TASK GOAL: Print the data exactly. Omit the pictures.

INFORMATION SHOWN:
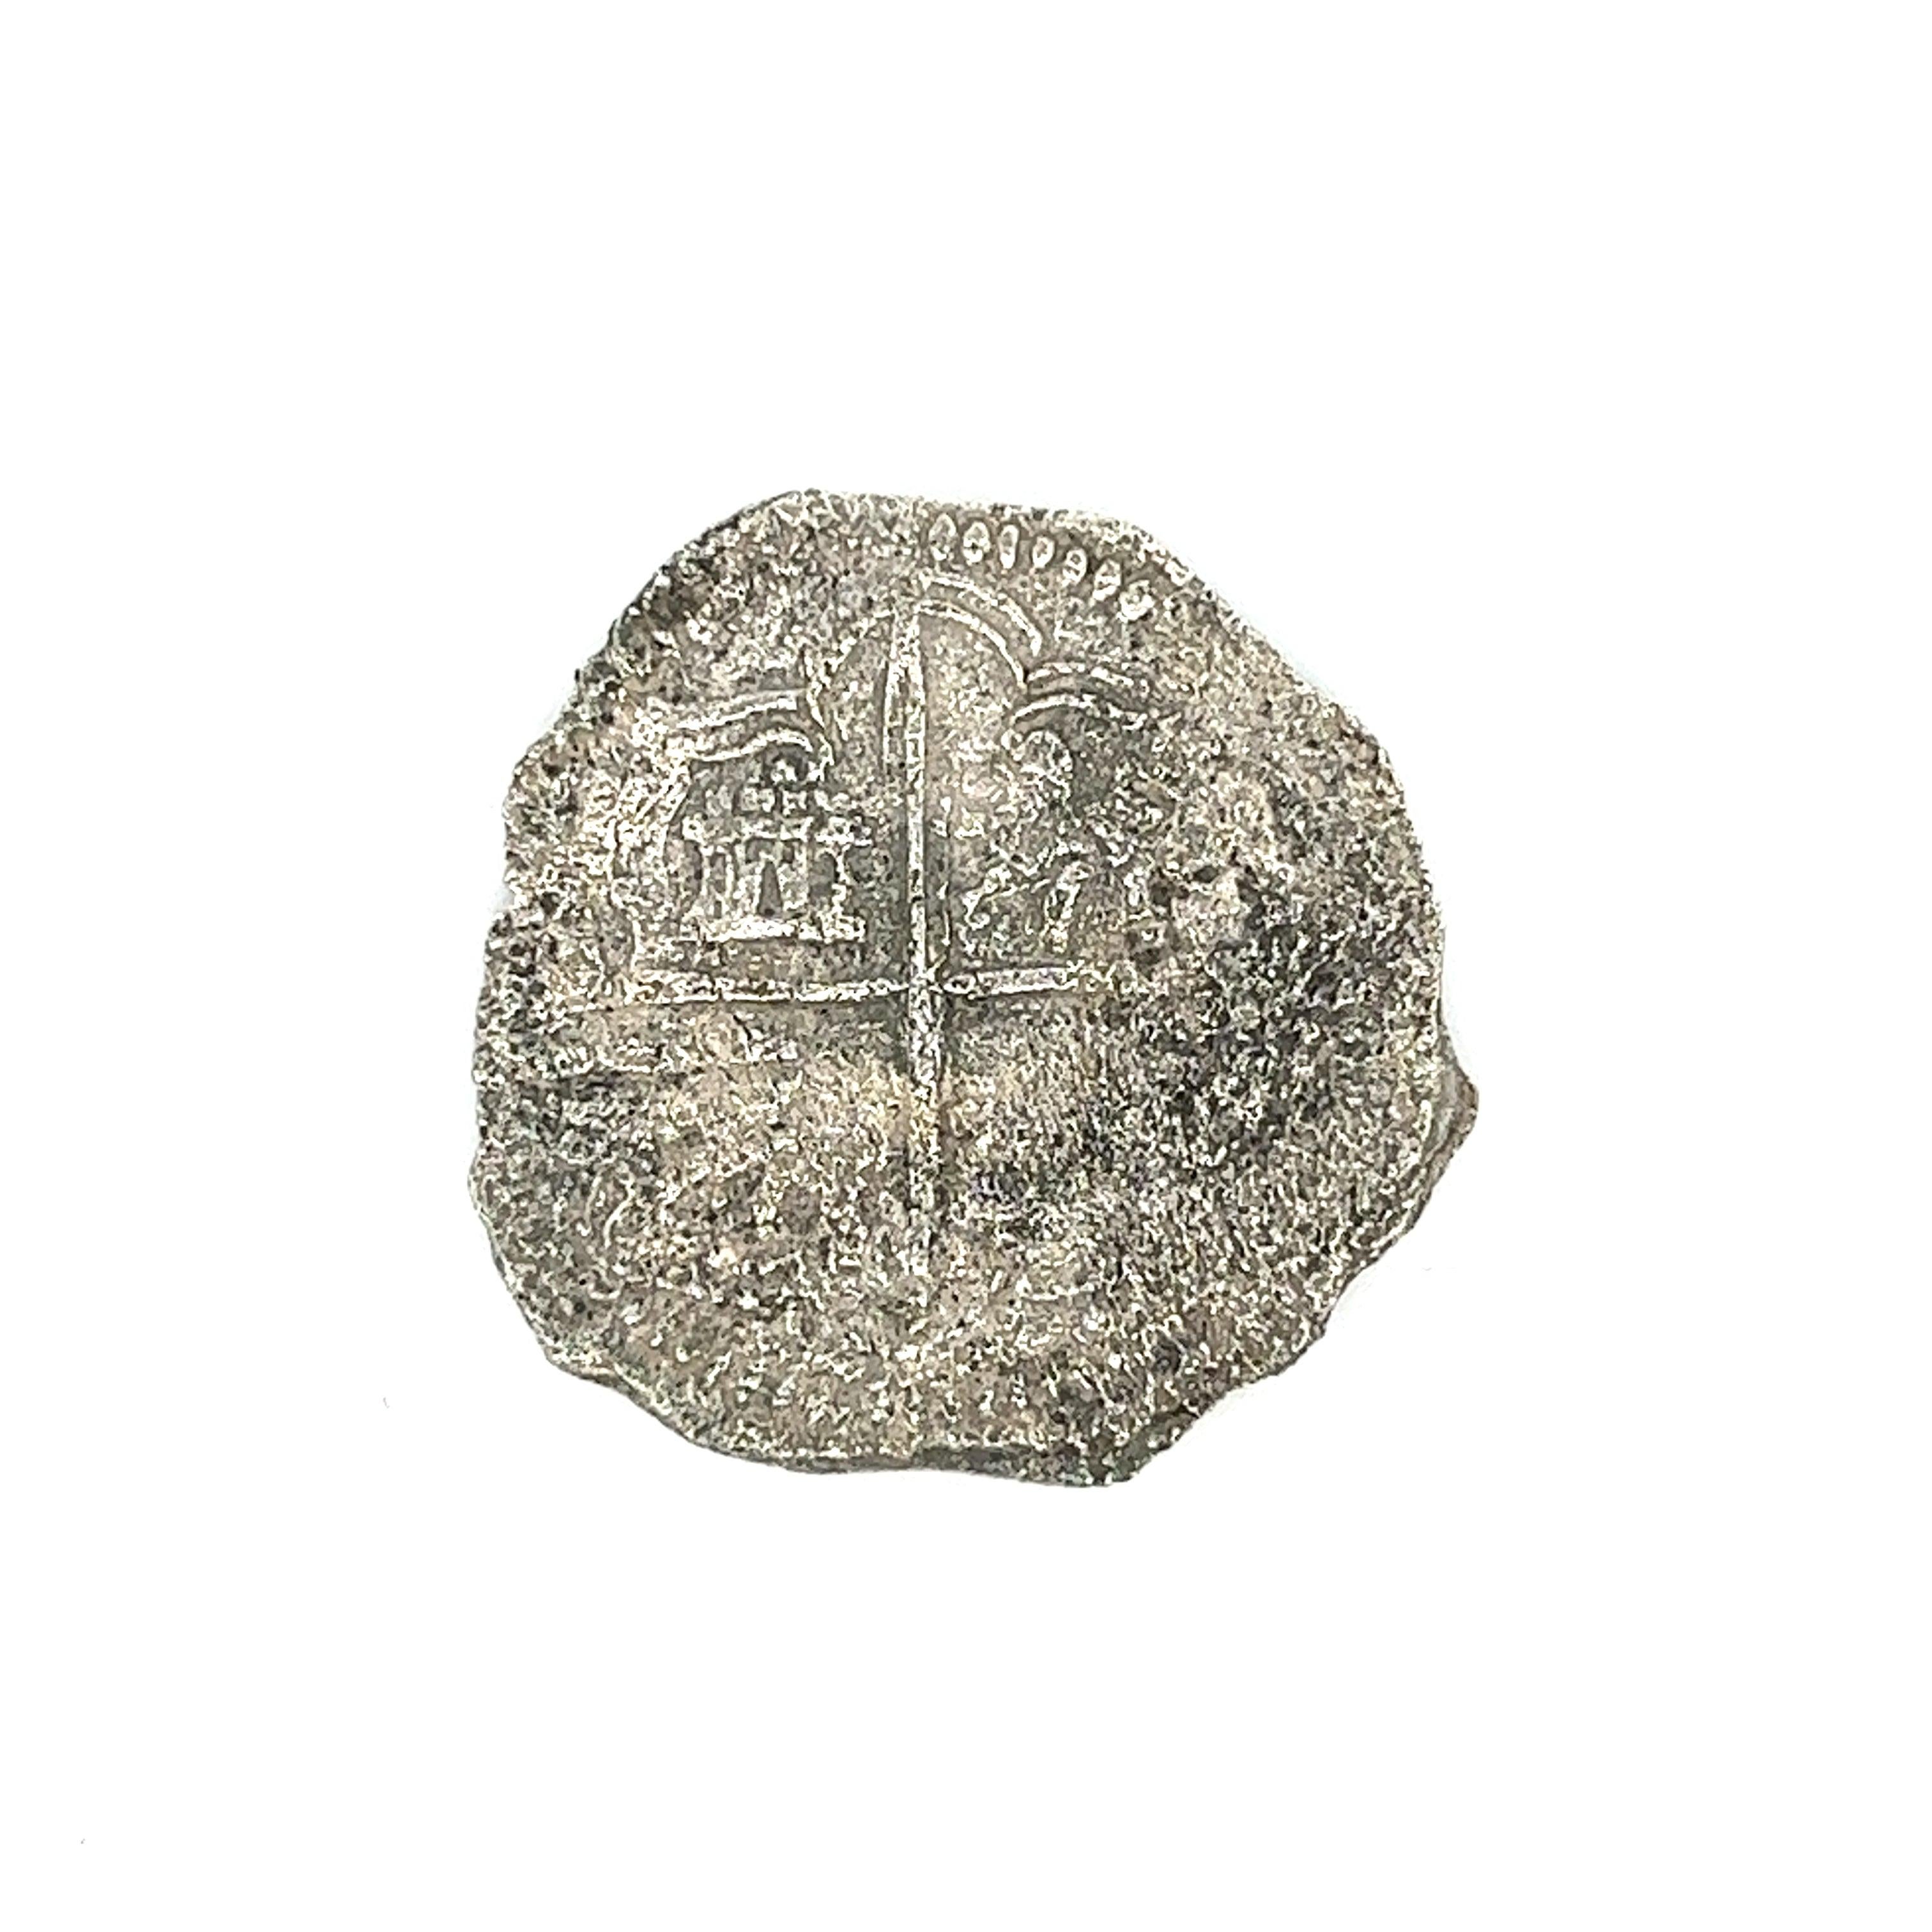 Original Atocha Shipwreck Coin 4 Reale Grade 3 Potosi Mint 

Le nom Potosi Mint signifie que la pièce a été frappée dans le nord du Pérou, dans l'actuelle Bolivie. 

La dénomination 4 Reale devient de plus en plus rare : la plupart des pièces à bord

EXERCISE ANSWER:
 Original Atocha Shipwreck Coin 4 Reale Grade 3 Potosi Mint 

Le nom Potosi Mint signifie que la pièce a été frappée dans le nord du Pérou, dans l'actuelle Bolivie. 

La dénomination 4 Reale devient de plus en plus rare : la plupart des pièces à bord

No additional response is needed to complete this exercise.